Hollingsworth et al found that overall, passage of larger stones was 57% more likely in patients treated with an alpha-blocker compared with controls (risk ratio 1.57); the likelihood of stone passage increased by 9.8% with every 1 mm increase in stone size. The effect of alpha-blockers was independent of stone location within the ureter. They estimated that four patients would need treatment for one patient to realize benefit from alpha-blockers. Adverse effects associated with alpha-blocker use were relatively infrequent and were not severe. [67]

Additional evidence that alpha-blockers do not expedite the passage of ureteral stones emerged from a randomized clinical trial of 512 adult emergency department patients who presented with renal colic owing to ureteral stones smaller than 9 mm. In this study, the proportion of patients who achieved ureteral stone expulsion by 28 days was 50% with tamsulosin versus 47% with placebo, a nonsignificant difference. [68]

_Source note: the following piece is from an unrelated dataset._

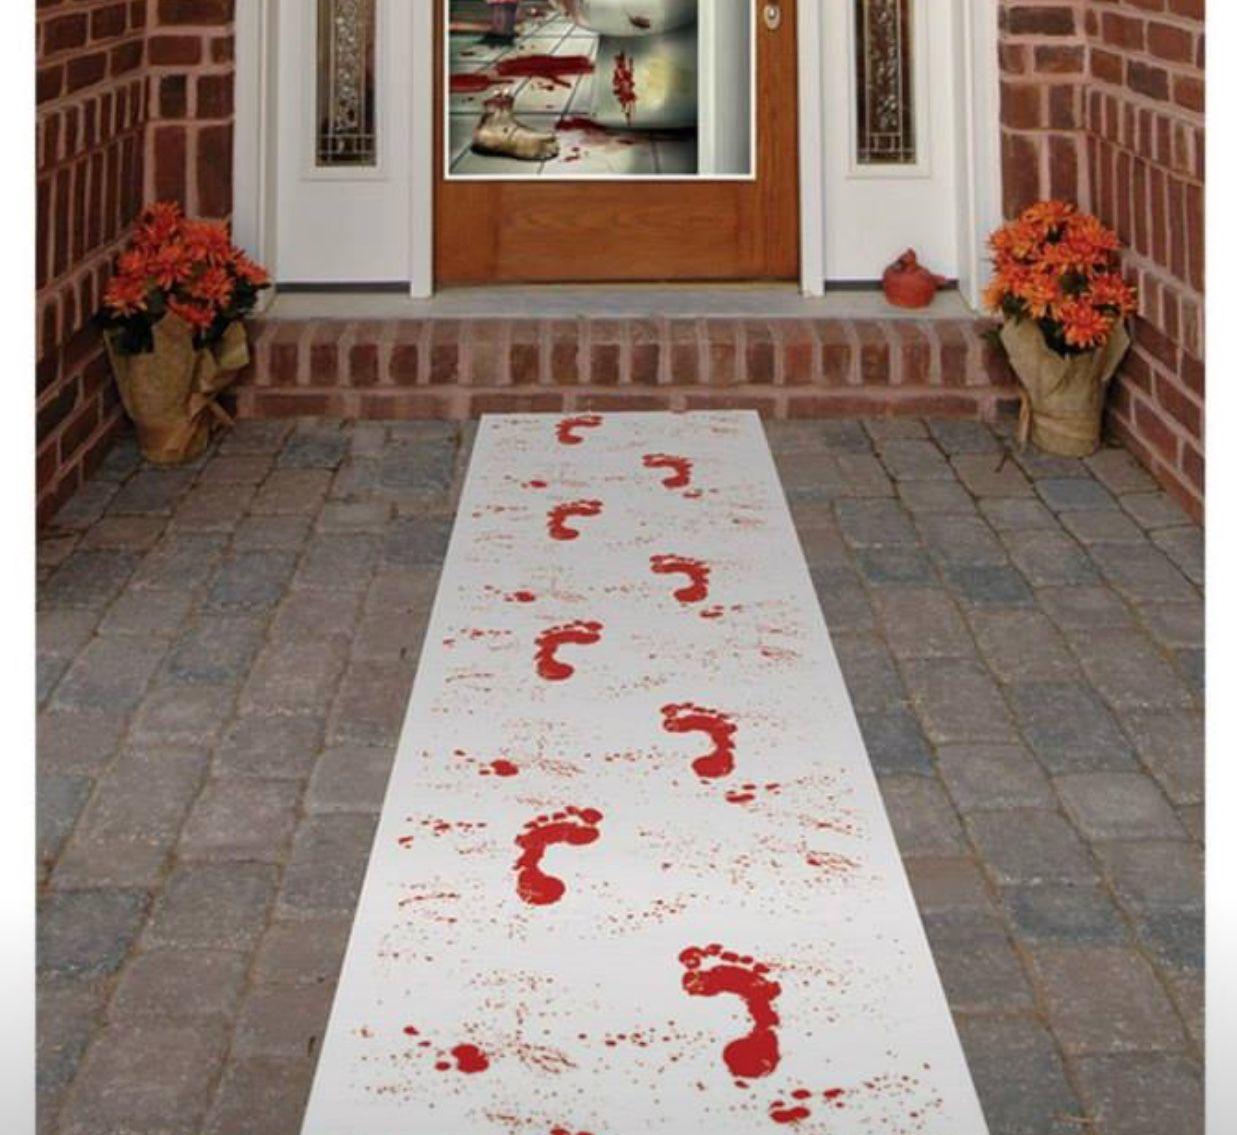 This would be cute. Too creepy? Rustic laminate flooring

MET with alpha-blockers also appears to improve the results of ESWL (see Surgical Care) inasmuch as the stone fragments resulting from treatment appear to clear the system more effectively.

Analgesic therapy combined with MET dramatically improves the passage of stones, addresses pain, and reduces the need for surgical treatment. Ibuprofen can be substituted for the ketorolac tablets recommended in the original studies. Fewer complications with ibuprofen occur while maintaining efficacy for pain relief. An oral narcotic (eg, oxycodone/acetaminophen) is used as needed to control breakthrough pain.